Words versus Strings

I should begin by pointing out that the base text we’re working from does not identify "words" per se, as Don’s Shaxicon database apparently does. "Row" (n.) and "row" (v.) are not the same word. Since we’re comparing strings of characters here, not words, the results aren’t really comparable to Don’s work, nor can they serve to support or disqualify that work. When I say "word" in the rest of this writeup, I’m actually referring to strings. The tools presented here could, with some revision, be adapted for use with a "lemmatized" text.

The primary goal and result here is the analysis/reporting architecture conceived, and the tools to build that architecture.

The specific goal of the architecture was to duplicate Don’s analysis of playing parts as presented in the Shakespeare Newsletter articles. That goal restricts the wider usability of the architecture to some extent, but the granularity of the data and the database analysis/reporting tools are still fairly flexible for those who want to compare rare words in various plays, or in various parts compared to various plays.
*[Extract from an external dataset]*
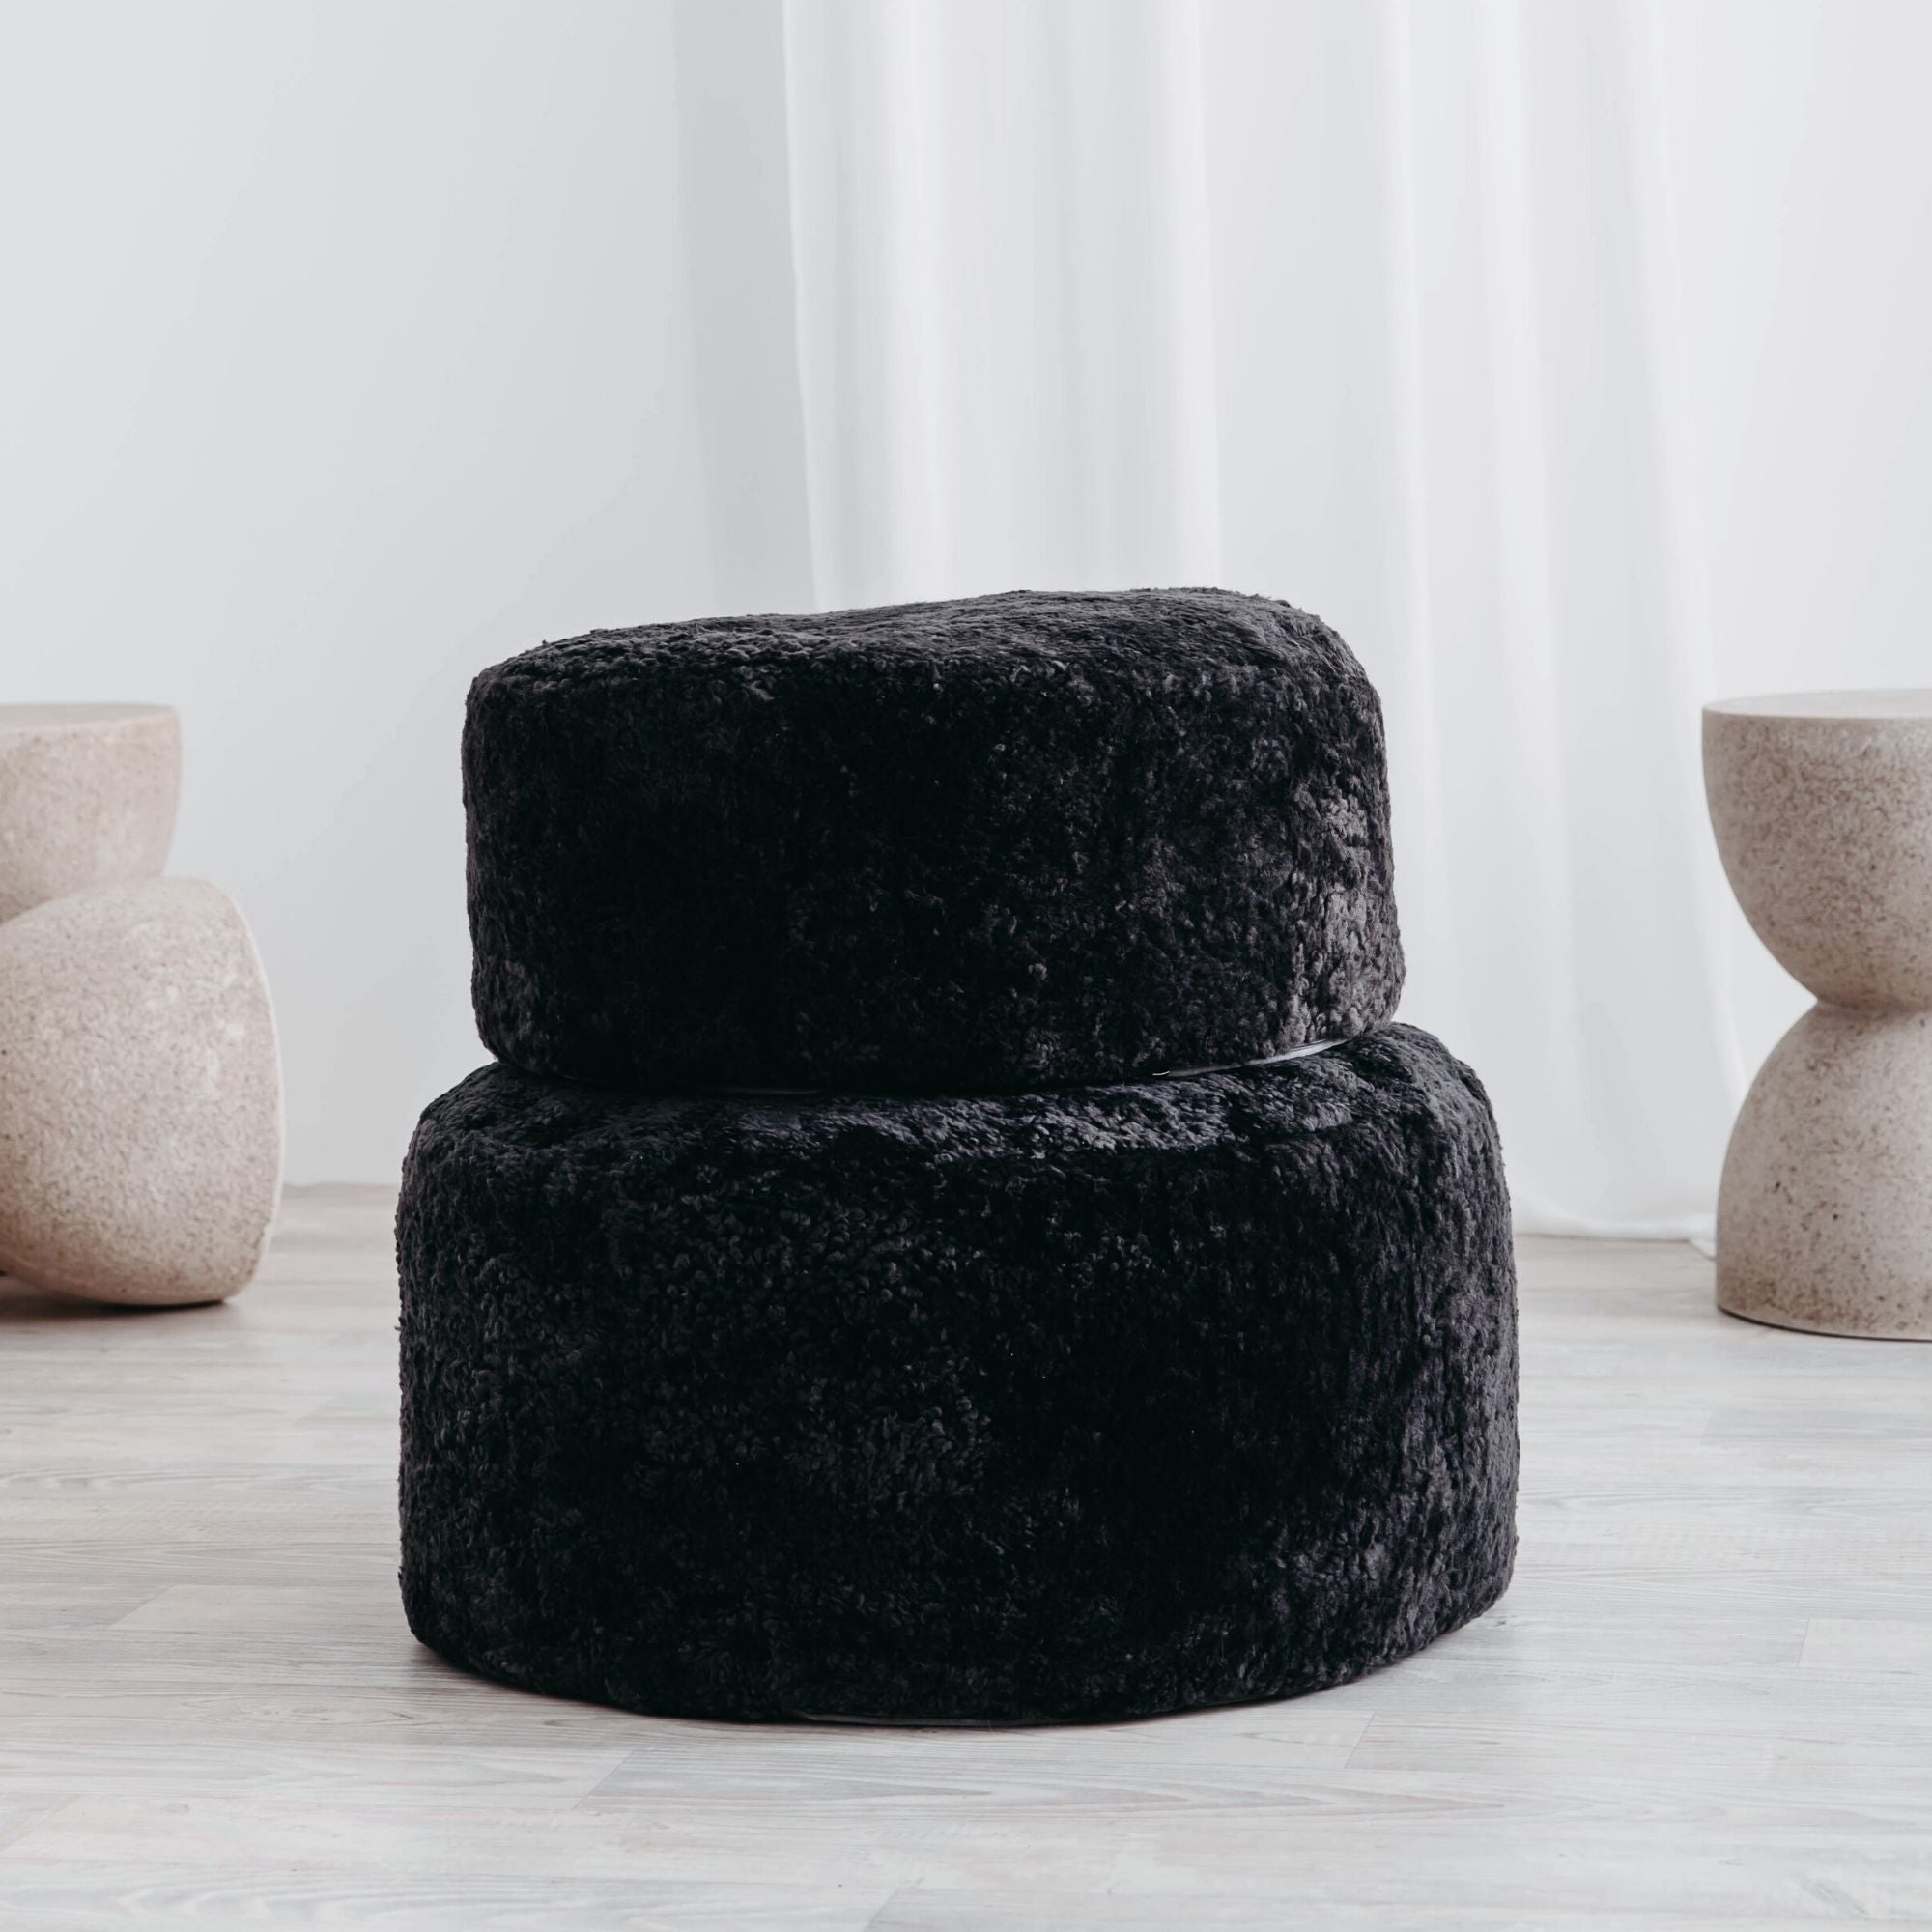 Bring natural texture and contemporary design into your space with the sturdy and stylish handmade Jamieson Round Ottoman. Choose between two sizes and three beautiful modern colours, or mix-and-match

The key to the analysis was building a database of each part/play/rareword correlation--occurrences where a rare word appears in both a play and a part from a different play. viz:

Word Play Part Play Count Part Count
a-bleeding ROM MV_LANCELOT

1

1

a-bleeding MV ROM_PRINCE

1

1

a-doing R3 COR_BRUTUS

1

1

a-doing COR R3_SCRIVENER

1

1

a-hungry WIV TN_SIR ANDREW

1

1

a-hungry TN WIV_SLENDER

1

1

a-making MAC HAM_POLONIUS

1

1

a-making HAM MAC_LADY MACBETH

1

1

a-nights JC 2H4_MISTRESS QUICKLY

2

1

a-nights TIM 2H4_MISTRESS QUICKLY

1

1

a-nights 2H4 JC_CAESAR

1

2

a-nights TIM JC_CAESAR

1

2

a-nights 2H4 TIM_APEMANTUS

1

1

a-nights JC TIM_APEMANTUS

2

1

a-pieces TNK AIT_PORTER

1

1

a-pieces AIT TNK_PALAMON

1

1

a-tilt CYL 1H6_JOAN

1

1

a-tilt 1H6 CYL_QUEEN MARGARET

1

1

a-weary ROM 1H4_KING HENRY

1

1

a-weary 1H4 ROM_NURSE

1

1

For instance, "a-nights" appears once in the 2H4-MISTRESS part, and twice in Caesar (both occurrences in Caesar’s part).

By sorting, summarizing, and analyzing those "match" occurrences we can see how many rare words are shared between different plays, and between specific parts and other plays.

ShakesPerl

I started by building the database records in perl, expanding on Gabriel’s work. (All files and scripts mentioned are linked from the frame on the left.)

First we need clean text files of each play, and each part. The script MakePartAndPlayFiles.pl reads All.txt (the whole Oxford Shakespeare in one file, as improved upon and provided by Gabriel) and creates those files, stripping out stage directions, speaker designations, and line-numbering apparatus in the process. This results in 38 play files (both Lear Quarto and Folio are included in the Oxford text, but here I use only the Quarto version) and (you were probably wondering this) 1,754 part files.

Then we need a list of rare words in All.txt. MakeRareWordList does that. You can specify the minimum and maximum number of occurrences that together define a "rare" word. It’s currently set to a maximum of 12 (Foster’s apparent breakpoint judging from Funeral Elegy, though the SNL articles are ambiguous, suggesting 10) and a minimum of 2 (if there’s only one occurrence in the corpus, the word can’t very well appear in both a part and a different play). I’ve also excluded words with less than three letters. The results with those settings (11,051 words) are here in rarewords.txt (116k). This file also includes, for each word, the total number of occurrences in the corpus.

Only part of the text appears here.